Истинный облик Лероя Дарси (СИ) - Петров Марьян. Страница 82

— Хреново мне, знаете ли! — русский помял мышцу могучей груди. — Сердце немного закололо, хоть вспомнил, что оно слева, оказывается… Док, дай сердечных капель, что ли?

Роше накапал лекарство в стакан с водой.

— Кому из вас я могу позвонить, чтобы узнать про Лапоньку? — Рудольф выпил и сморщился. — Вот же дрянь!

— Смею заметить, что ваше беспокойство неуместно. Любовь, кстати, тоже. Сейчас мальчику понадобится уход, забота и покой! — строго проговорил Анри. — Вы же пытались давить на Престона.

— Не ваше дело, а силы природы! Я его выбрал и терять не намерен!

— С юношей всё будет в порядке! Оставьте нашу семью в покое! — Роше был немного выше широченного в плечах русского бизнесмена. — Вы помогли мальчику, не сводите все свои заслуги на «нет»!

— Док, не лезьте! — угроза завибрировала в низком голосе Колмагорова, но он остыл и сунул Анри визитку. — Тогда сами звякните мне, когда он в себя придёт, пожа…луйста.

— Хорошо! — сухо выдавил Роше. — Но только, принимая во внимание ваше участие в этом… кошмаре. Не добивайте мальчика, Рудольф, прошу, как врач! Он только начинает самостоятельную жизнь.

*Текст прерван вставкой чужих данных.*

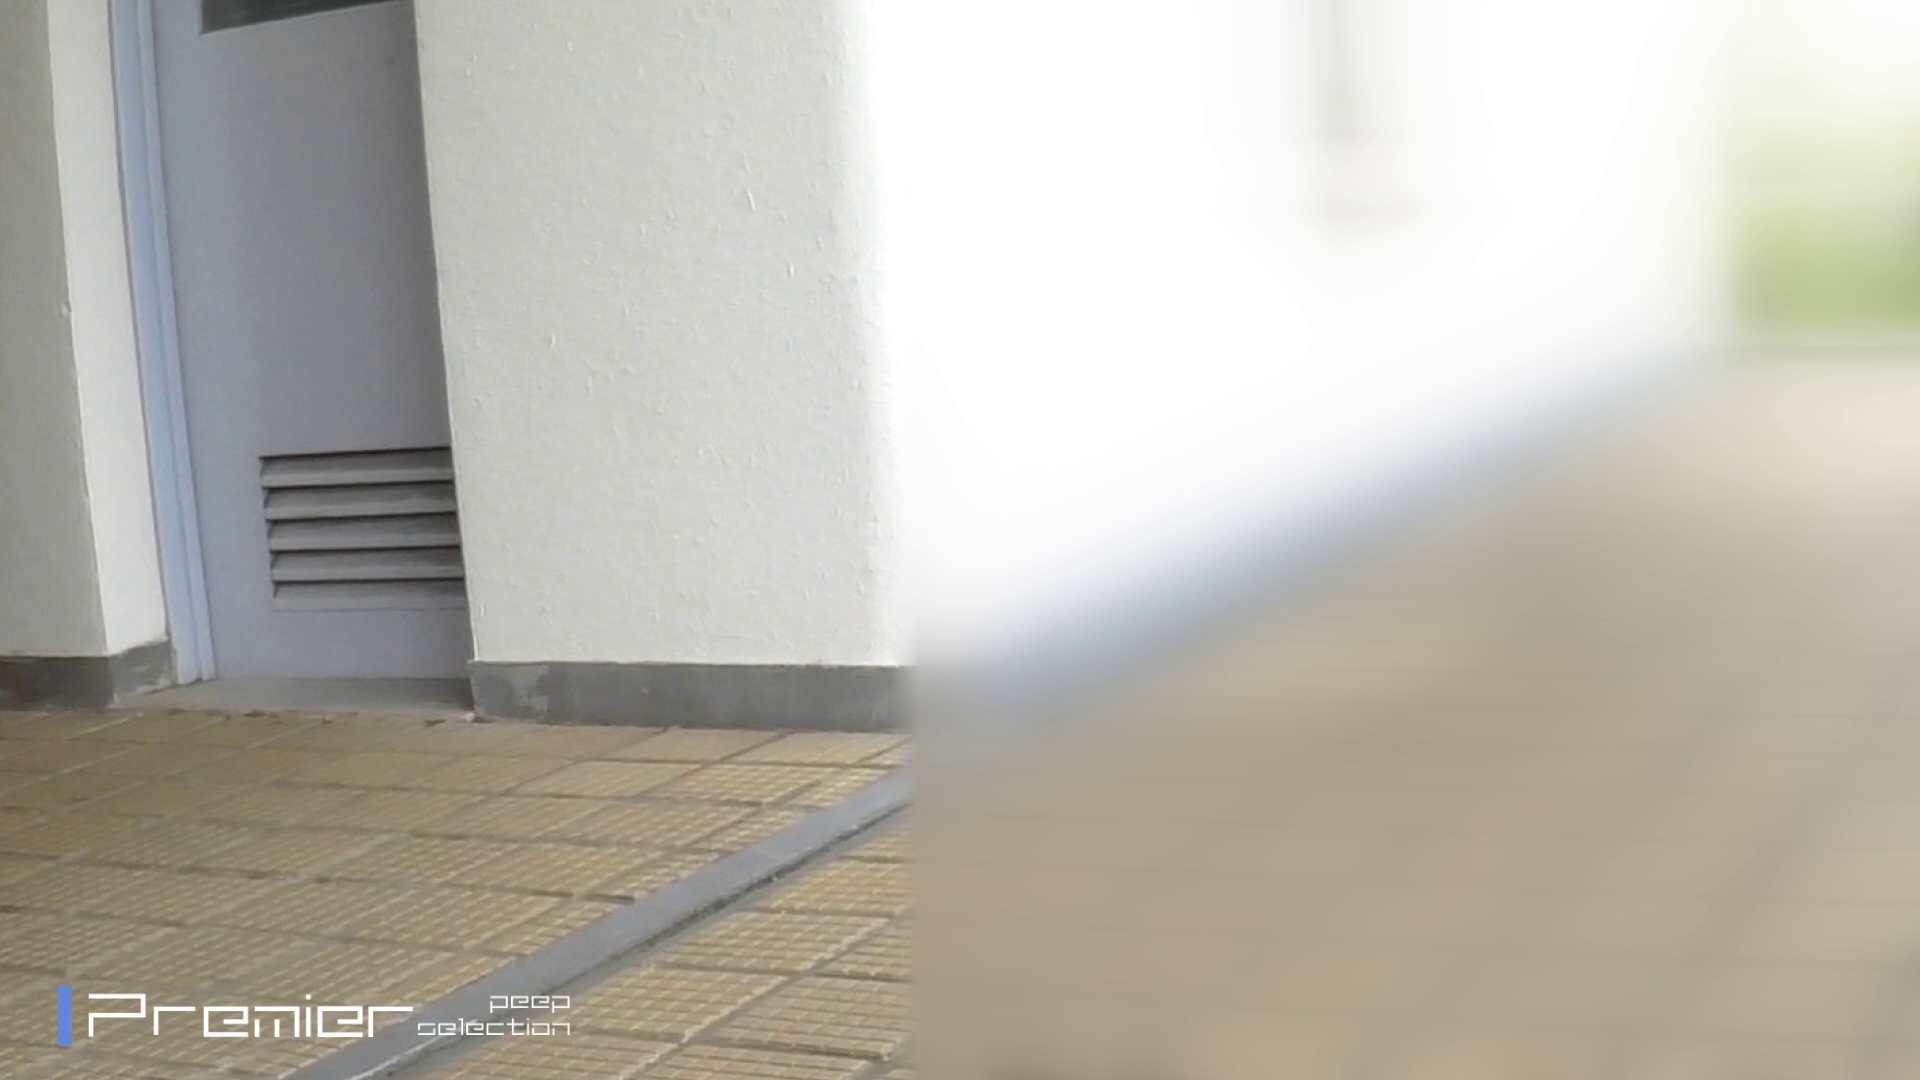 FHD激カワ!激やば! 復讐のトイレ盗撮 Vol.03 名作殿堂  78PIX 28

— Много ненужных слов! — Рудольф вытер губы рукавом. — Никто не знает, что будет завтра? Не знают слабаки, сильные просчитывают всё наперёд, чтобы взять от жизни по-крупному!

====== Глава 42. ======

Свят сдержал слово: после перевязки и капельницы в больнице он привёз мне Пая. Парня пошатывало, но я с порога крепко обнял сына и долго вдыхал его запах, растревоженный странной апатией. Престон молчал, очевидно, ещё находясь в сильнейшем стрессе, вжимался в меня и не хотел отпускать.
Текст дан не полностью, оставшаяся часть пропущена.